Chronic poisoning with mercury salts is rare, usually also involving concomitant occupational exposure to mercury vapor. Kidney toxicity involves either renal tubular necrosis or autoimmune glomerulonephritis, or both [53]. Immune dysfunctions include hypersensitivity reactions to mercury exposure, including asthma and dermatitis, various types of autoimmunity [54], and suppression of natural killer cells [55] and disruption of various other lymphocyte subpopulations [5].

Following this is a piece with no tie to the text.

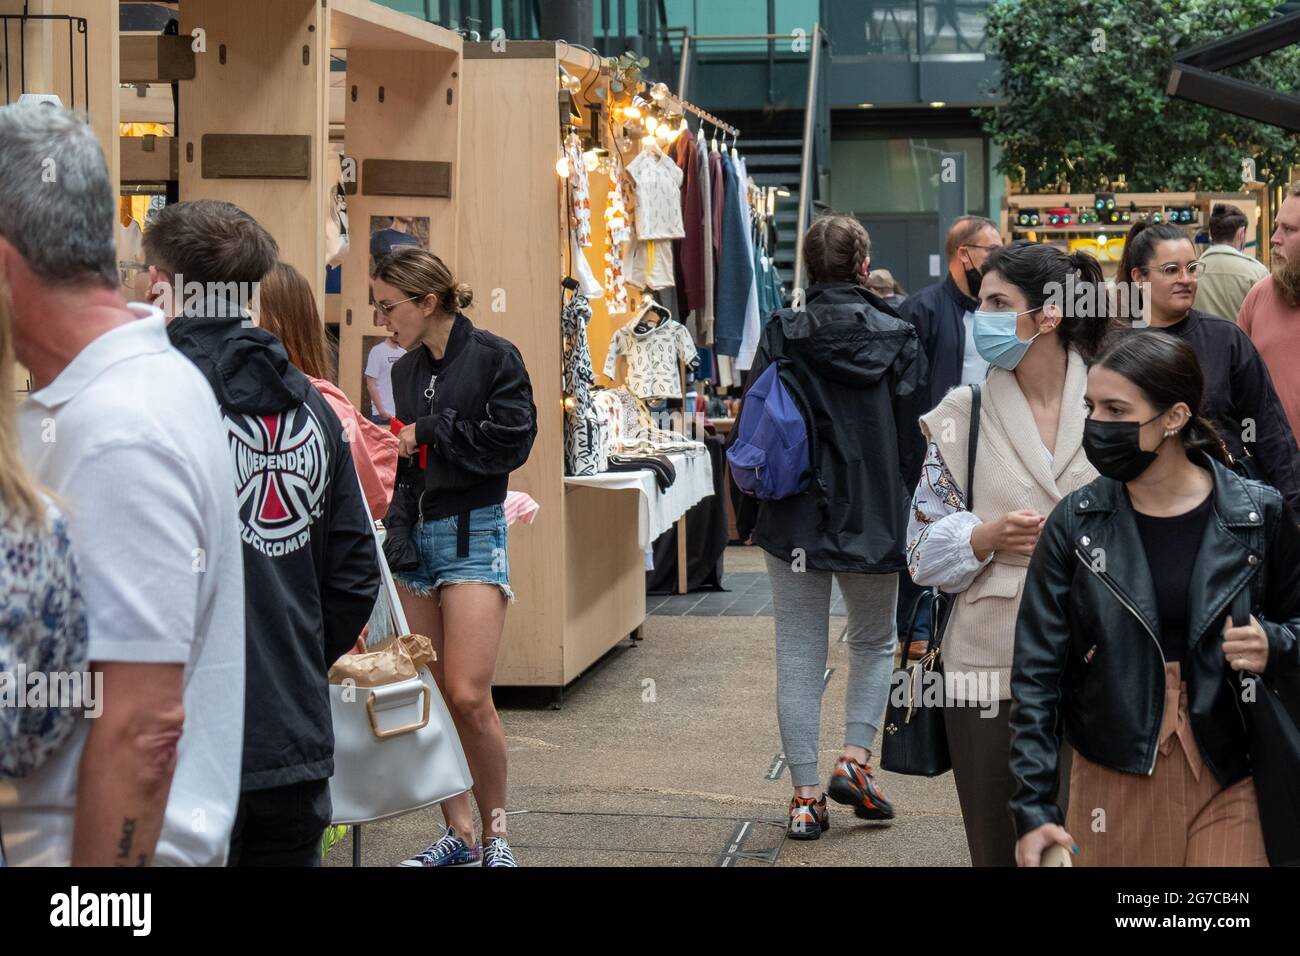 London- July, 2021: Food stalls inside Spitalfields Market.  A popular market with food, bars, arts and crafts Stock Photo

Brain dysfunction is less evident than with other forms of mercury. Thyroid dysfunction seems associated with inhibition of the 5′ deiodonases, with decreased free T3 and increased reverse T3 [56]. Accumulation in the testicles appears to inhibit spermatogenesis [57]. Atrophy and capillary damage have been described in thigh muscle [58].

4.2. Organic Mercury

Methyl mercury reacts with sulfhydryl groups throughout the body, therefore potentially interfering with the function of any cellular or subcellular structure. Mercury is believed to interfere with DNA transcription and protein synthesis [59], including protein synthesis in the developing brain, with destruction of endoplasmic reticulum and disappearance of ribosomes [60]. Evidence suggests disruption of numerous subcellular elements in the central nervous system and other organs and in mitochondria; adverse effects have also been described on heme synthesis [61], cell membrane integrity in many locations [5], free radical generation [27, 62, 63], neurotransmitter disruption, and stimulation of neural excitoxins [5], resulting in damage to many parts of the brain and peripheral nervous system [5].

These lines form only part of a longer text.